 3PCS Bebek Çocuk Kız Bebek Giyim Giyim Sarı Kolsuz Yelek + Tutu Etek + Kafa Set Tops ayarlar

---

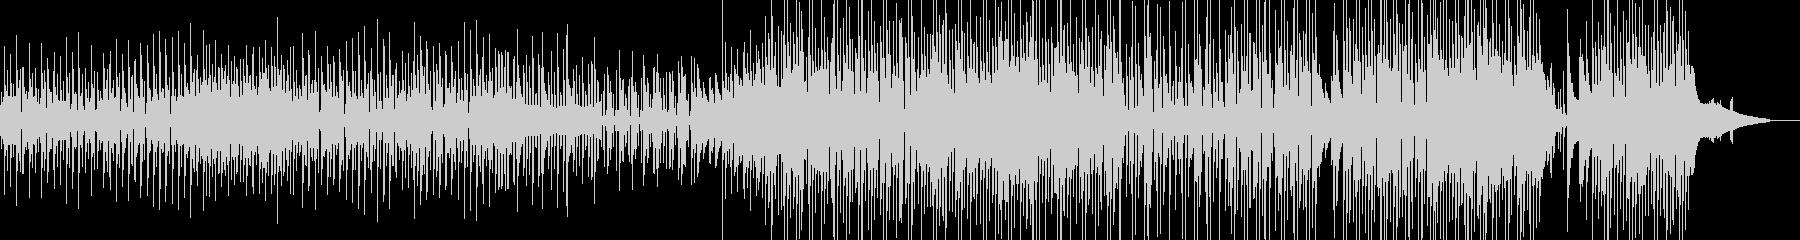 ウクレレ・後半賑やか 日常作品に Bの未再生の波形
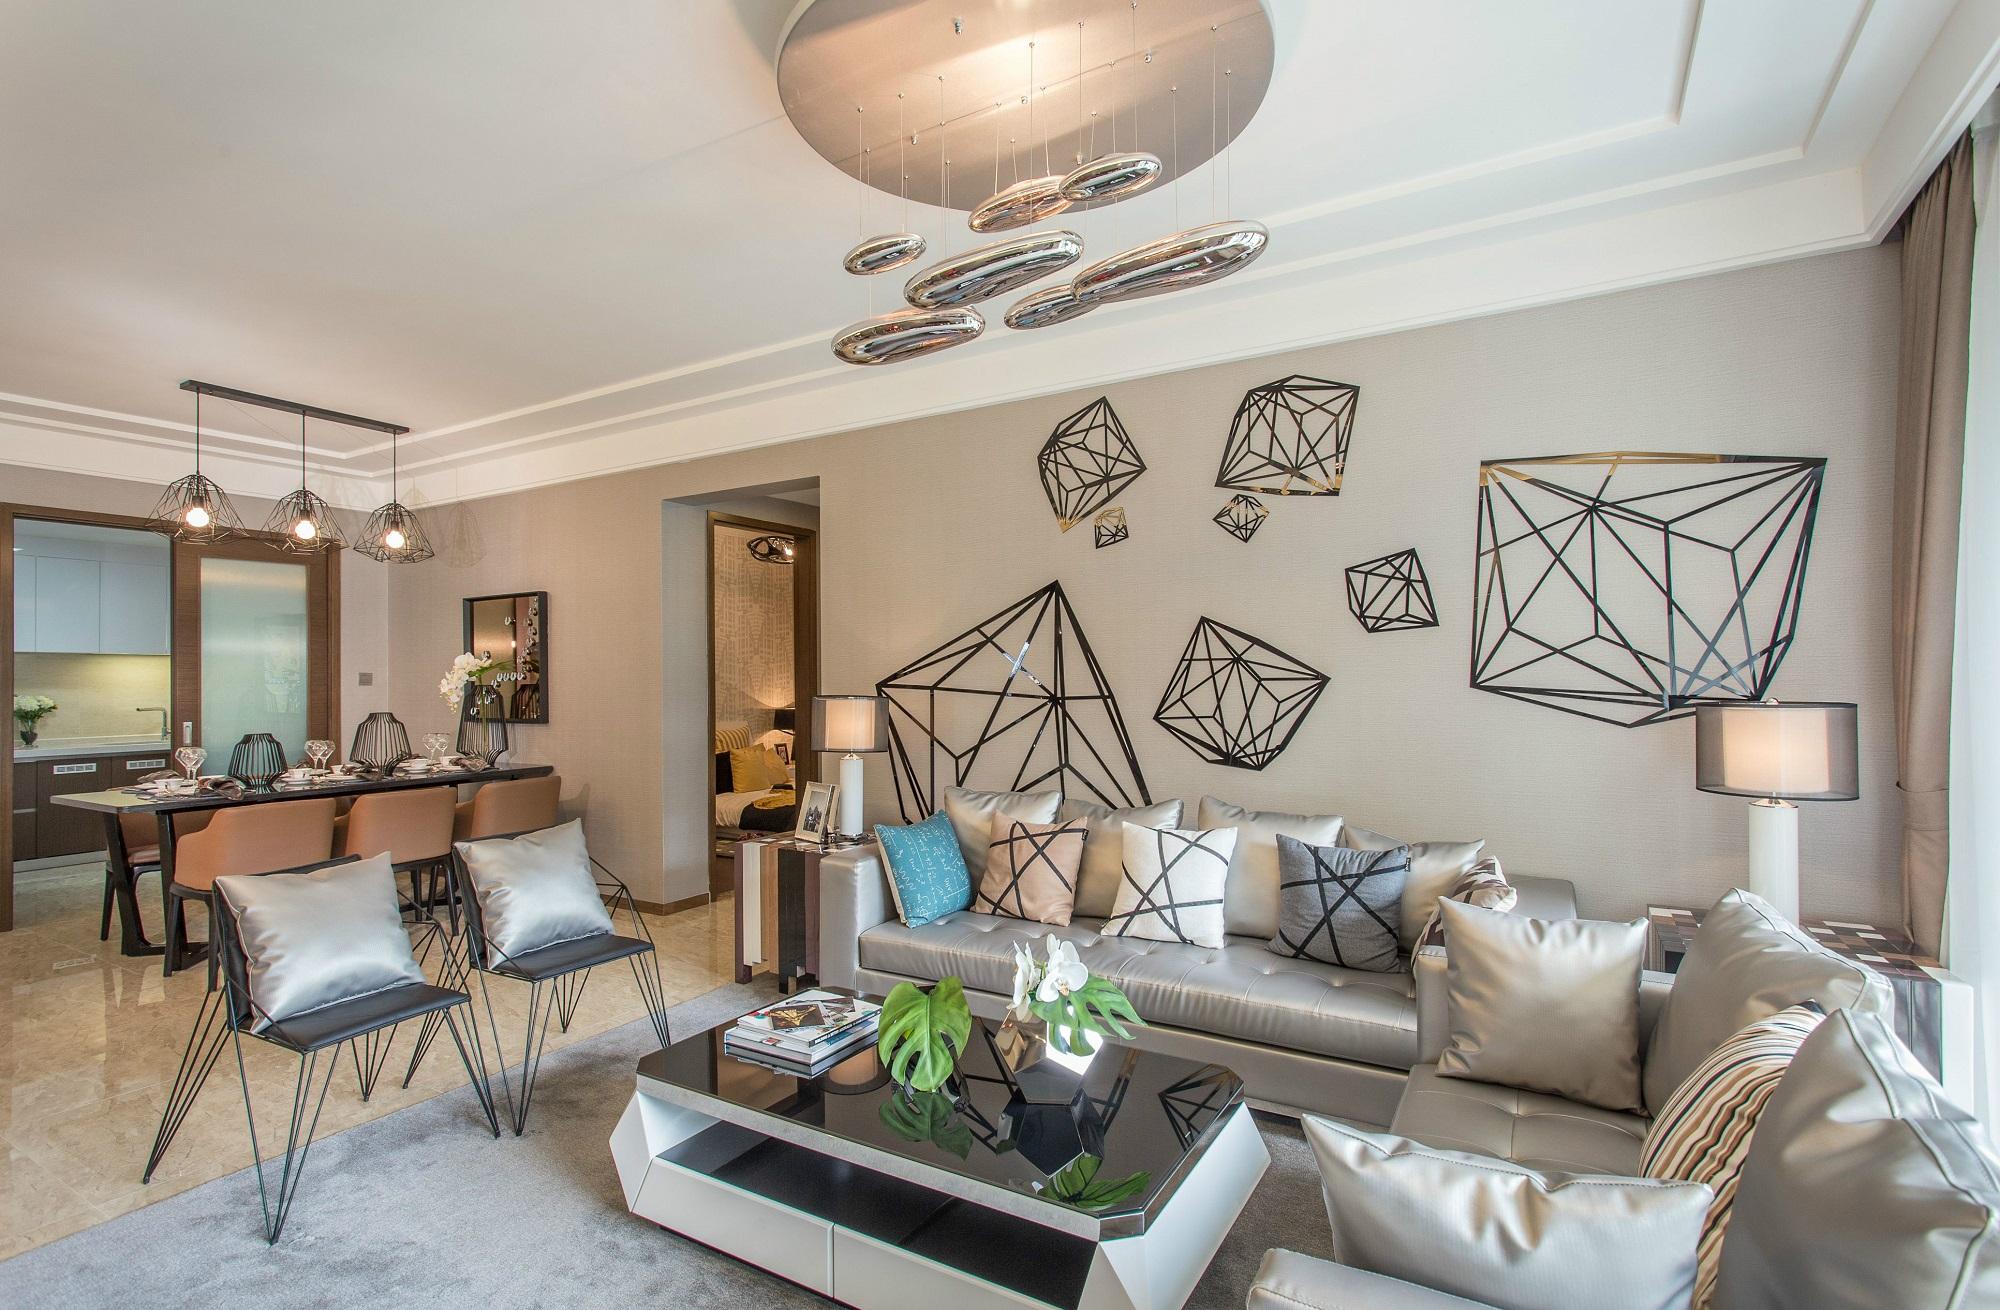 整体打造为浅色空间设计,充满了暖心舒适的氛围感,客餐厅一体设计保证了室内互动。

__Exercise details__:
Your reply is to be an exact repeat of the listing above from the line holding "ウクレレ・後半賑やか 日常作品に Bの未再生の波形" down to the line holding "整体打造为浅色空间设计,充满了暖心舒适的氛围感,客餐厅一体设计保证了室内互动。", ends included, pictures excluded.

__Task response__:
 ウクレレ・後半賑やか 日常作品に Bの未再生の波形
 整体打造为浅色空间设计,充满了暖心舒适的氛围感,客餐厅一体设计保证了室内互动。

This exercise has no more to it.